SRAM (Static RAM): Fast, expensive, low density. Used for Caches.
DRAM (Dynamic RAM): Slower, cheaper, high density. Used for Main Memory.
Disk/Flash: Slowest, cheapest, massive density.

Cache Mechanics

A cache is a small, fast storage buffer between the CPU and Main Memory. It holds a subset of the data from main memory.

Terminology

Block (or Line): The fixed-sized unit of data transfer between memory and cache (typically 64 bytes). Blocks are fetched, not just bytes, to exploit spatial locality.
Hit: The data requested is found in the cache.
Miss: The data is not in the cache. It must be fetched from main memory.
Placement Policy: Specifies where a block coming from memory should be placed.
Replacement Policy: Specifies which block should be evicted if the cache is full.

Performance Metrics

Cache performance is analyzed using Average Memory Access Time (AMAT).

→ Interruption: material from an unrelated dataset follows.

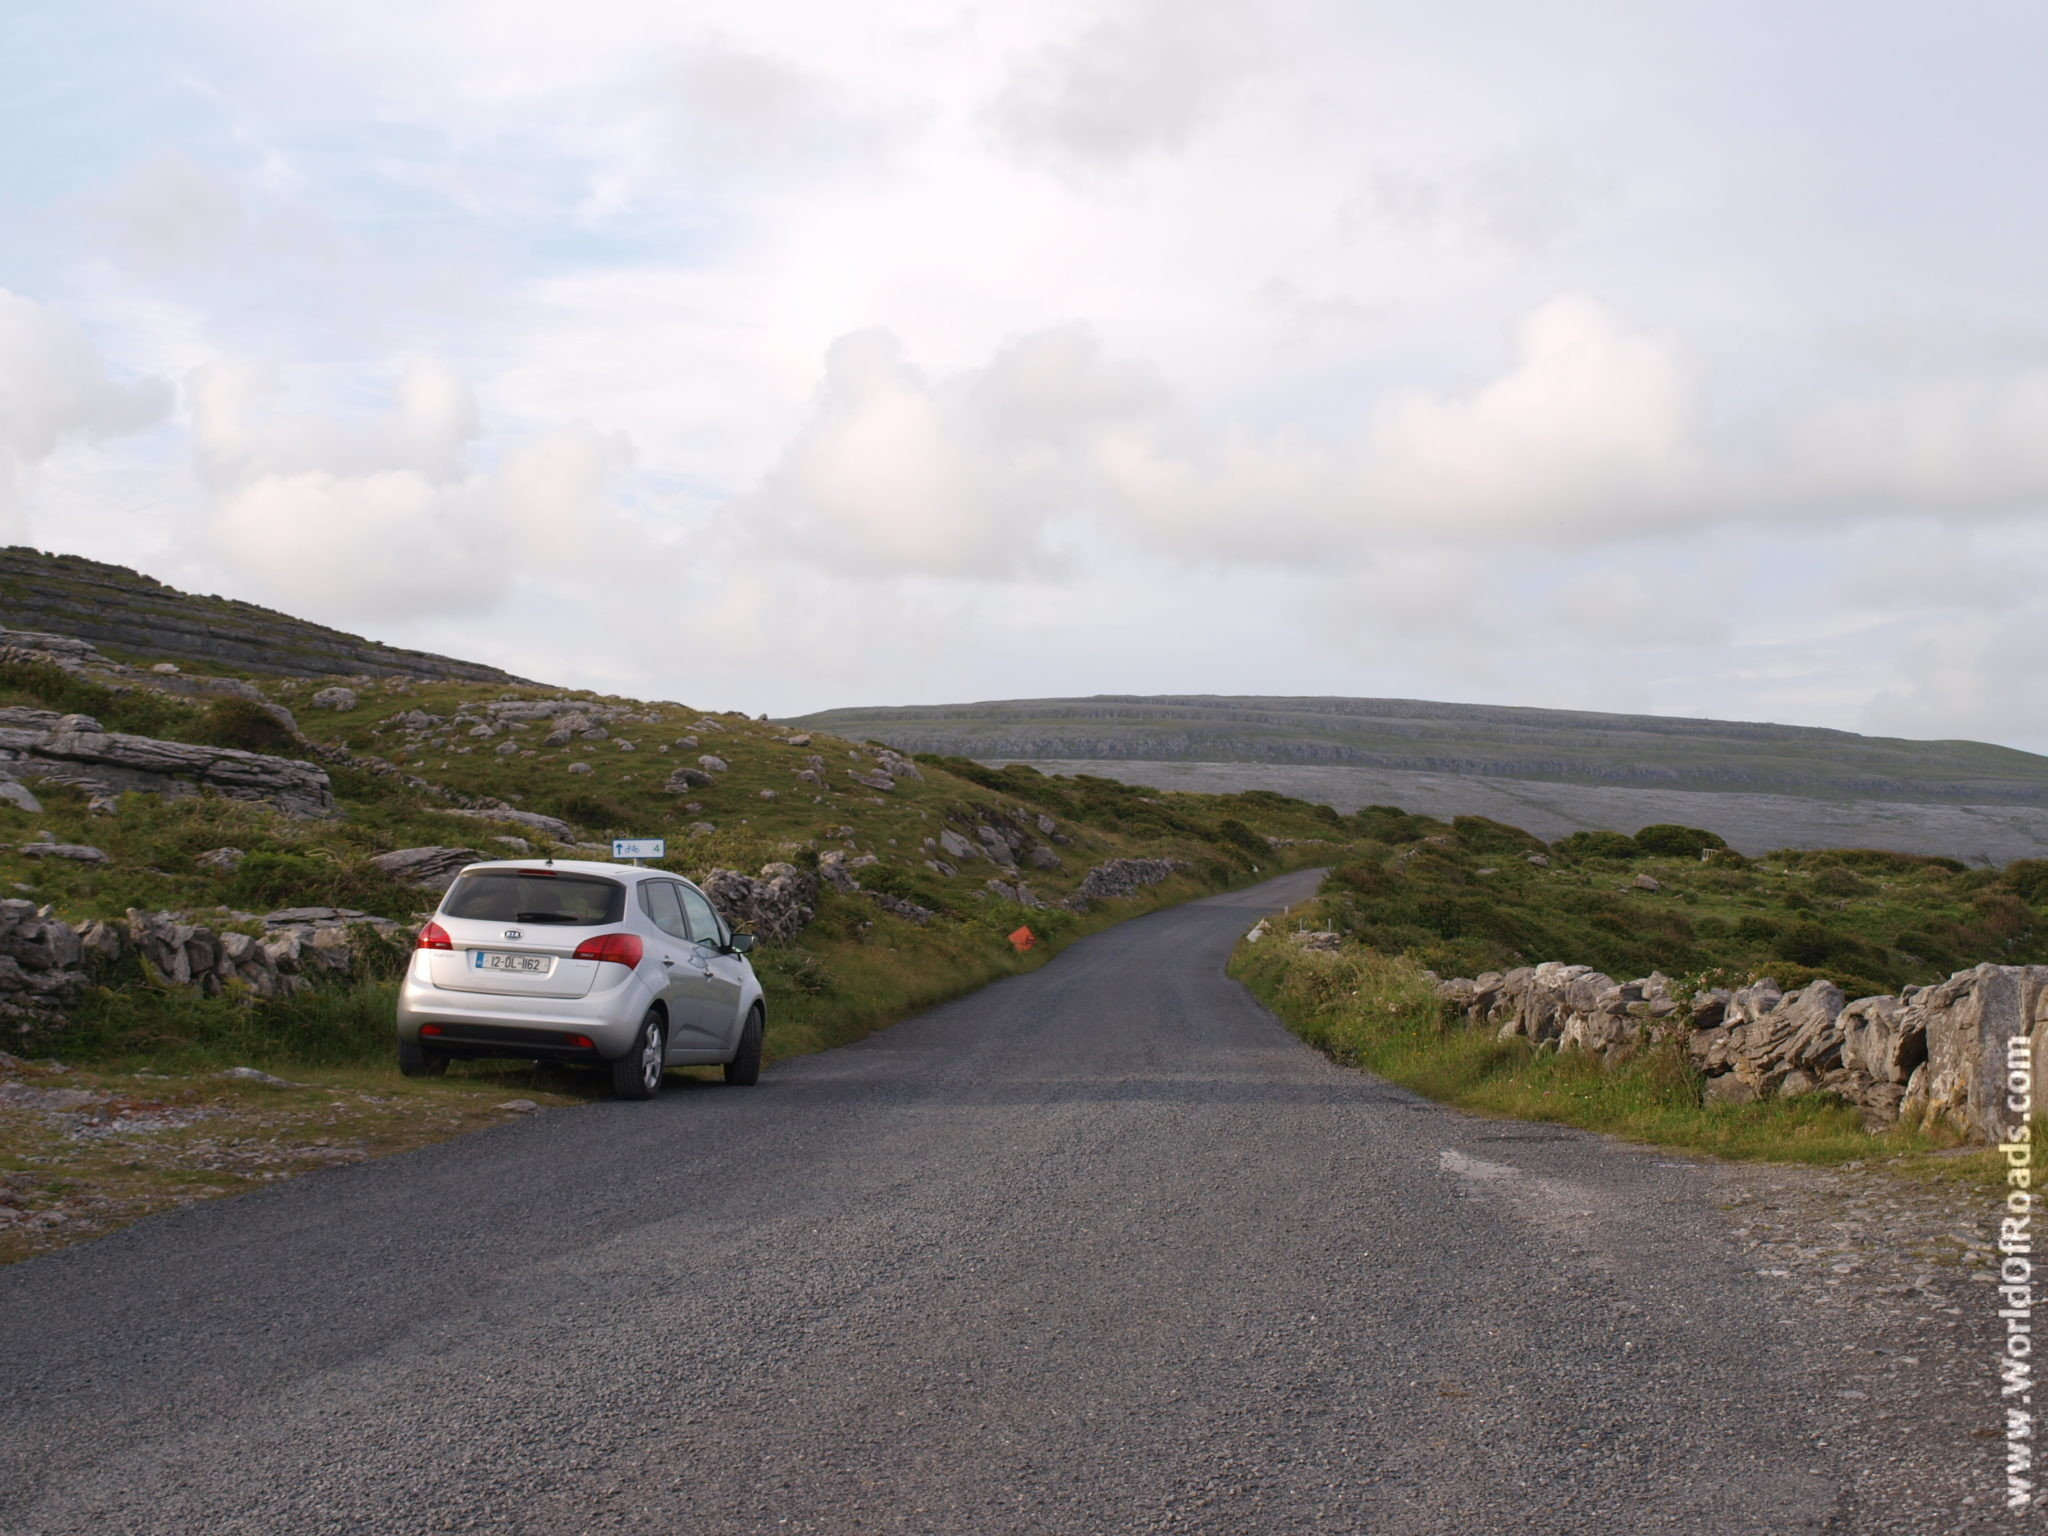 Kia Venga. Ирландское побережье.
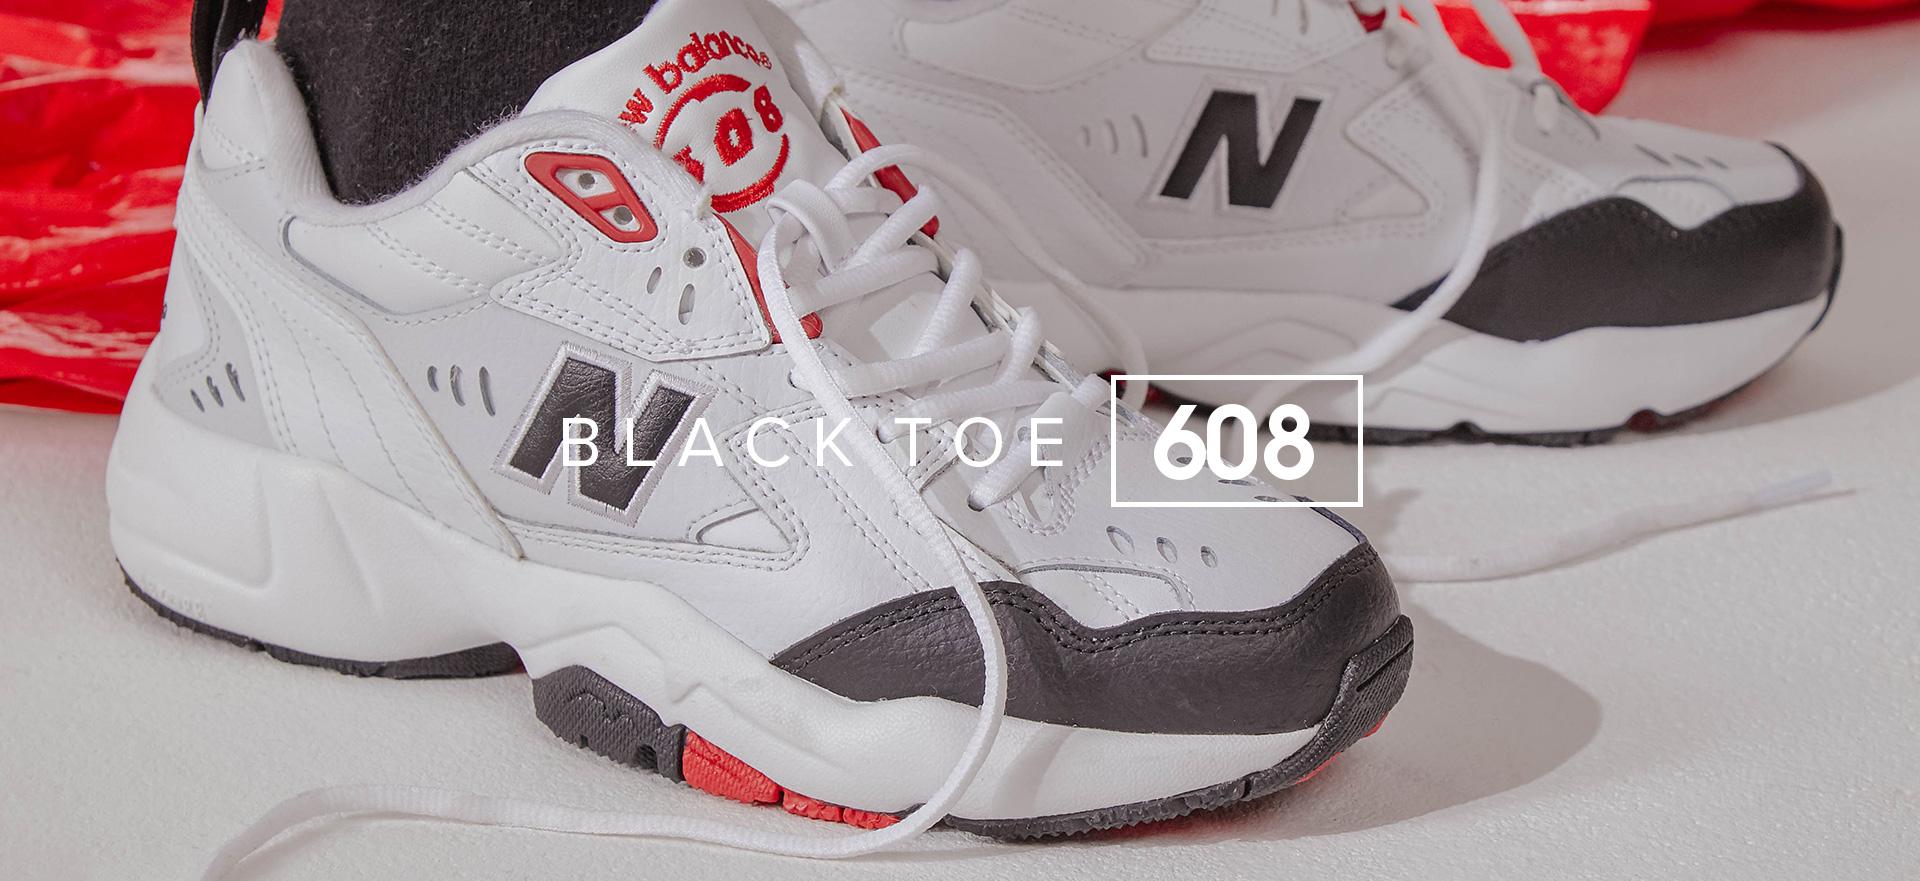 BLACKTOE 608

AMAT = Hit Time + Miss Rate \times Miss Penalty

Hit Time: Time to deliver a line from cache (e.g., 1-2 cycles for L1, 5-20 for L2).
Miss Rate: Fraction of accesses that miss (e.g., 3-10% for L1).
Miss Penalty: Additional time required to fetch from memory (e.g., 50-200 cycles).

The Power of Miss Rates

Consider a cache with a 1 cycle hit time and 100 cycle miss penalty.

97% Hit Rate (3% Miss): $AMAT = 1 + 0.03 \times 100 = 4$ cycles.

99% Hit Rate (1% Miss): $AMAT = 1 + 0.01 \times 100 = 2$ cycles.

Reducing the miss rate by just 2% doubles the average performance. This is why miss rates are the primary focus rather than hit rates.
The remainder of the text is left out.